To me - looking to provide API access from a new project soon - that sounds
like a good potential win.

------
Someone
On the one hand, when I read the open sourcing announcement, I found it
enticing, too.

On the other hand, we have had this kind of thing for decades in the form of
SQL. There, it is considered best practice to restrict the API by requiring
callers to exclusively use stored procedures.
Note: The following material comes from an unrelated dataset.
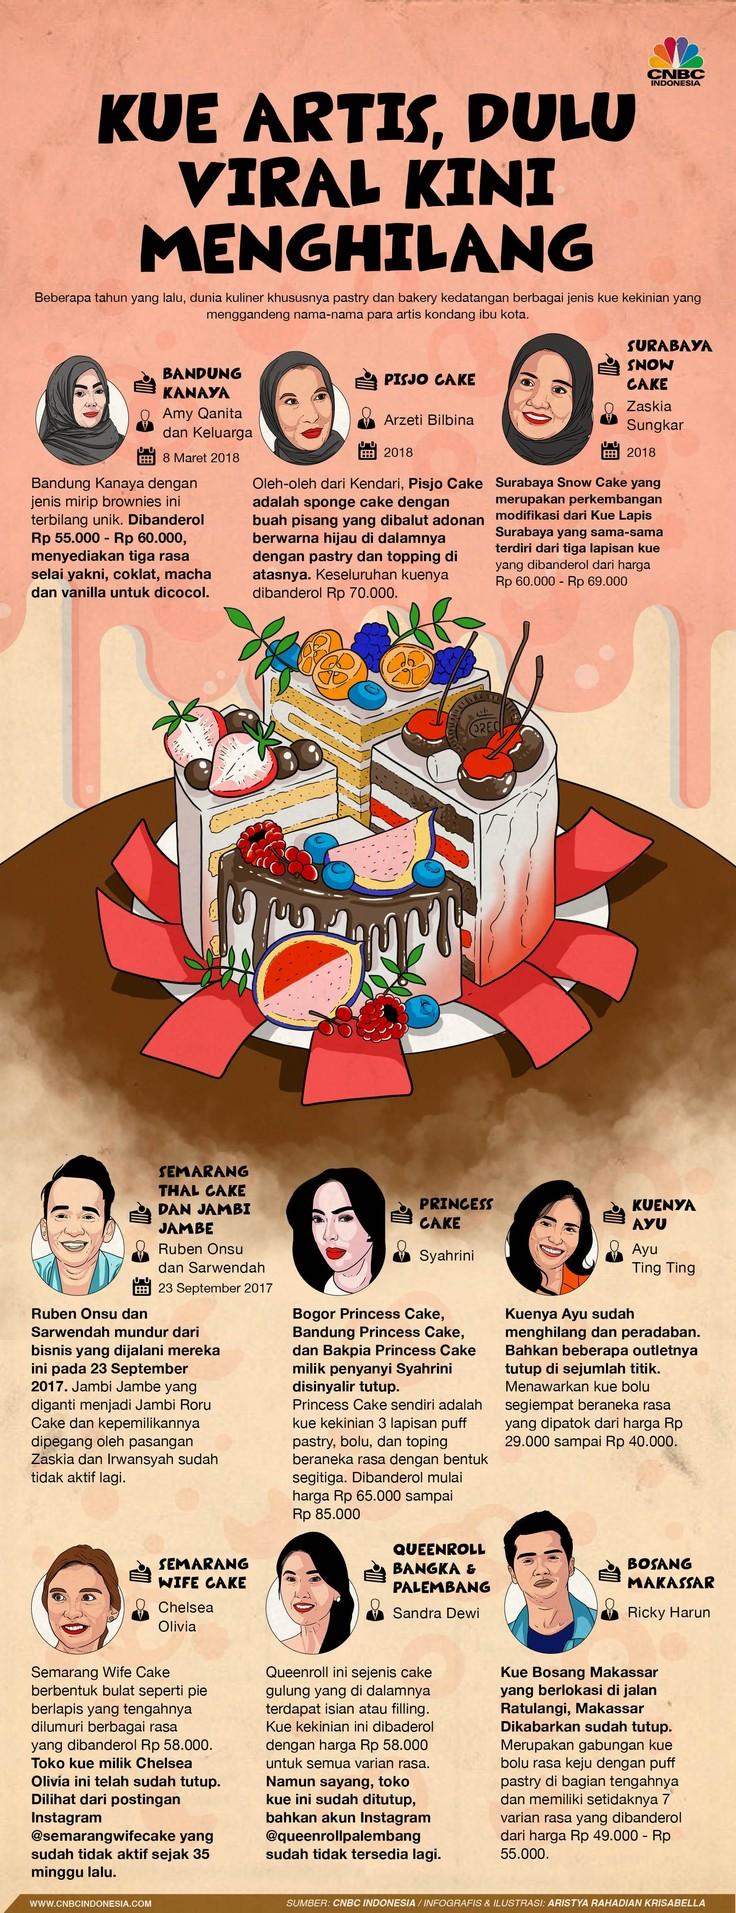 Kue-kue artis sempat jadi viral dan booming beberapa tahun lalu, namun kini keberadaannya bagaikan ditelan bumi

Reasons are that they make it
easier for the engine to optimize query evaluation, for the DBA to optimize
the storage format to the queries to be run, for the security guys to enforce
security, etc.

You can make the front-end API more flexible, but that doesn't remove the need
to do that kind of back-end stuff.

Yes, I still like it, but I'm not sure it really simplifies stuff as much as
it seems at first sight; to get performance you still have to tune the backed
to the kind of queries that are run.

------
weatherlight
I'm in the process of rewriting our external api using GraphQL, It's kind of
amazing, I do find my self tripping on "best practices" e.g. pertaining to a
User view model

query {user {name}} query {users(someQualifier: $qualifier){name}} mutation
{createUser(name: $name) {name}} mutation {updateUser(id: $id, name:
$name){name}} mutation {destroyUser(id: $id) {name}}

It ends up looking like CRUD. But so much easier to reason about :)

------
k__
Same here.

REST was a nice idea, but still too undefined.

Even attempts like JSON-API never really catched on.

The tree structure with the whole auto-discovery alone is a killer feature.

------
ChoHag
Well it has a Q in it. What's not cool about that?? Of course it's next!

(DNR)